→ TASK GOAL: Reproduce everything from the line that contains "Новостройка в финальной" down to the line that contains "واردات مواد اولیه پلاستیک" in the listing below, word for word and nothing more. Leave the pictures out.

→ DATASET CONTENT:
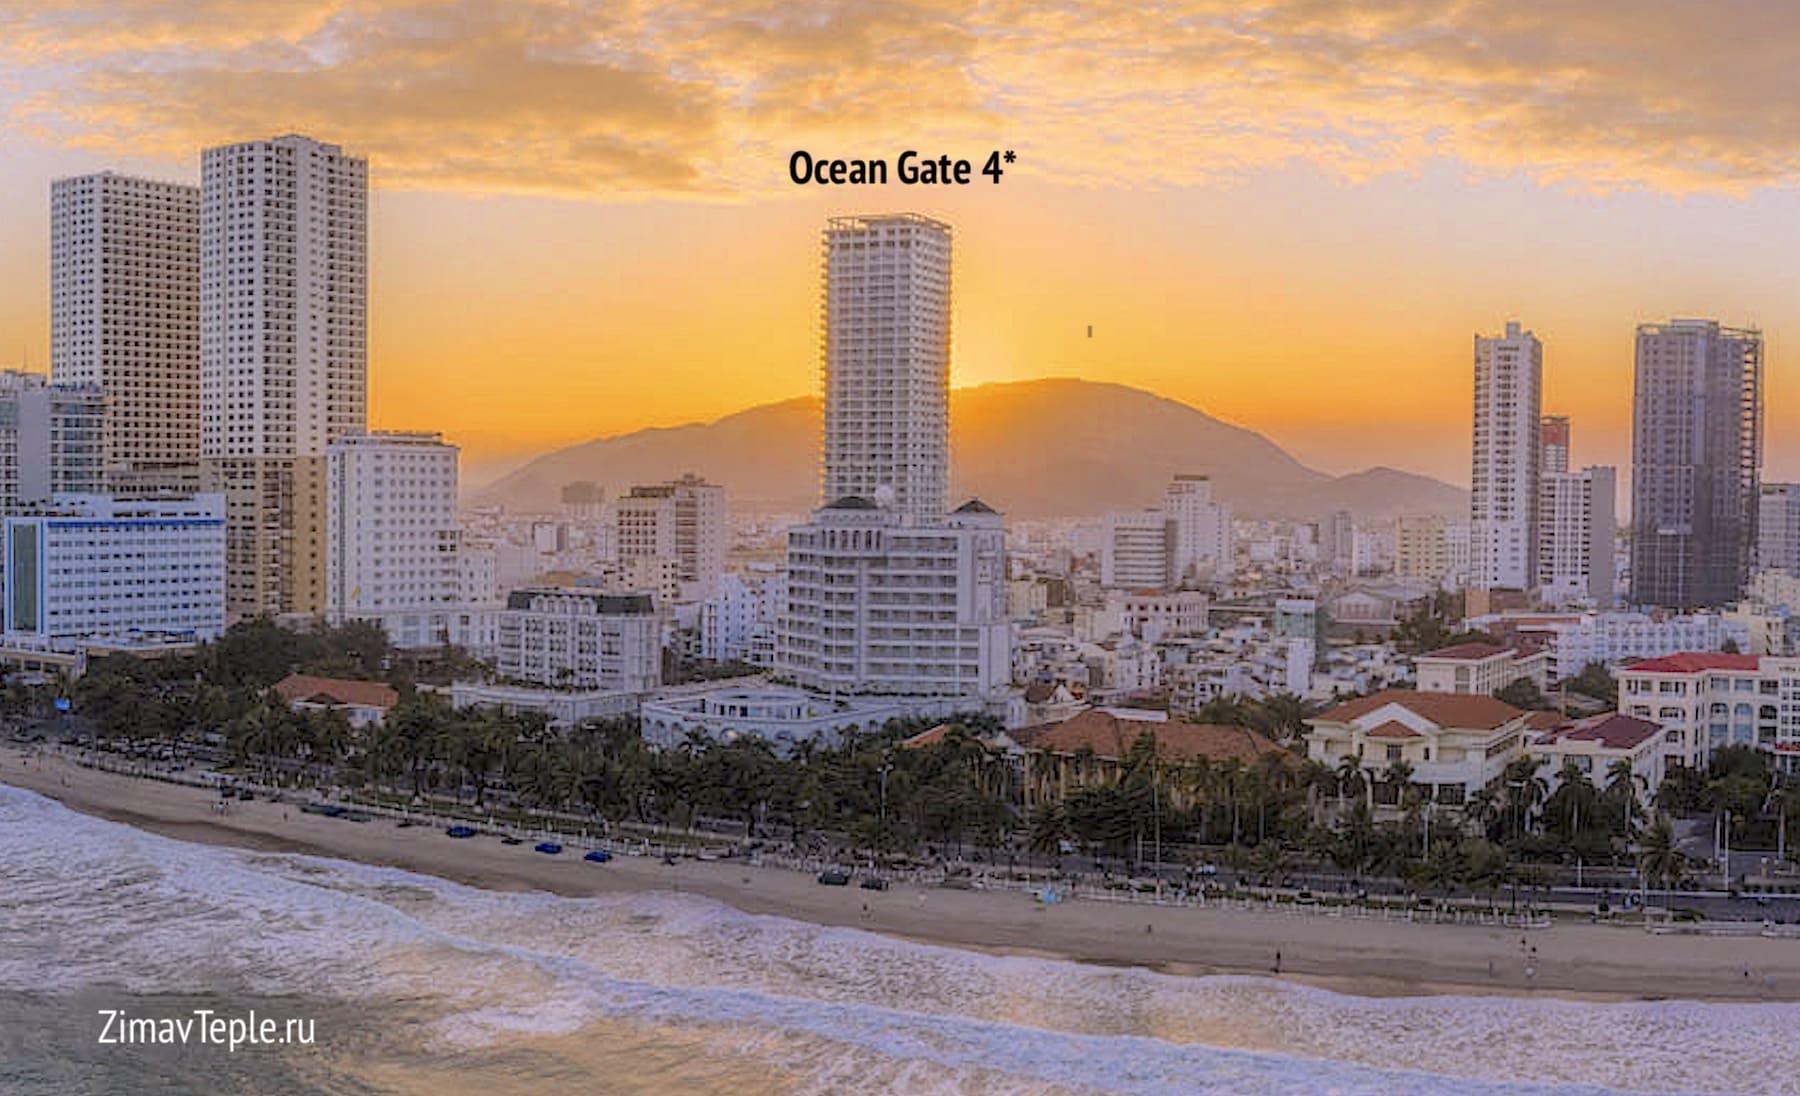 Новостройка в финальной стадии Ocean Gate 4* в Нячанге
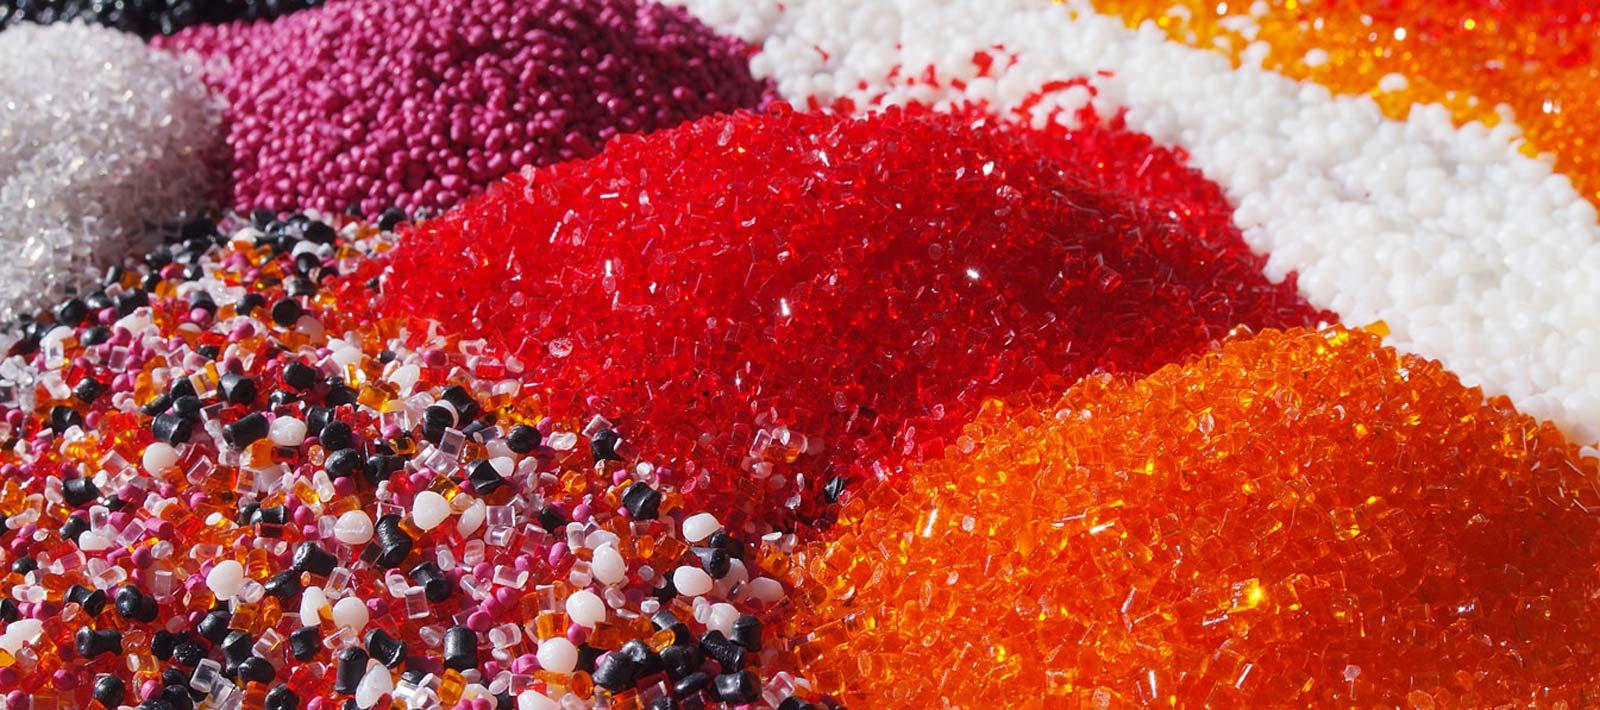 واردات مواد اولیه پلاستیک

---

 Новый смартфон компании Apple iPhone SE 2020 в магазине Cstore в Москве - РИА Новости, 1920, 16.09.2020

→ PROBLEM SOLUTION:
 Новостройка в финальной стадии Ocean Gate 4* в Нячанге
 واردات مواد اولیه پلاستیک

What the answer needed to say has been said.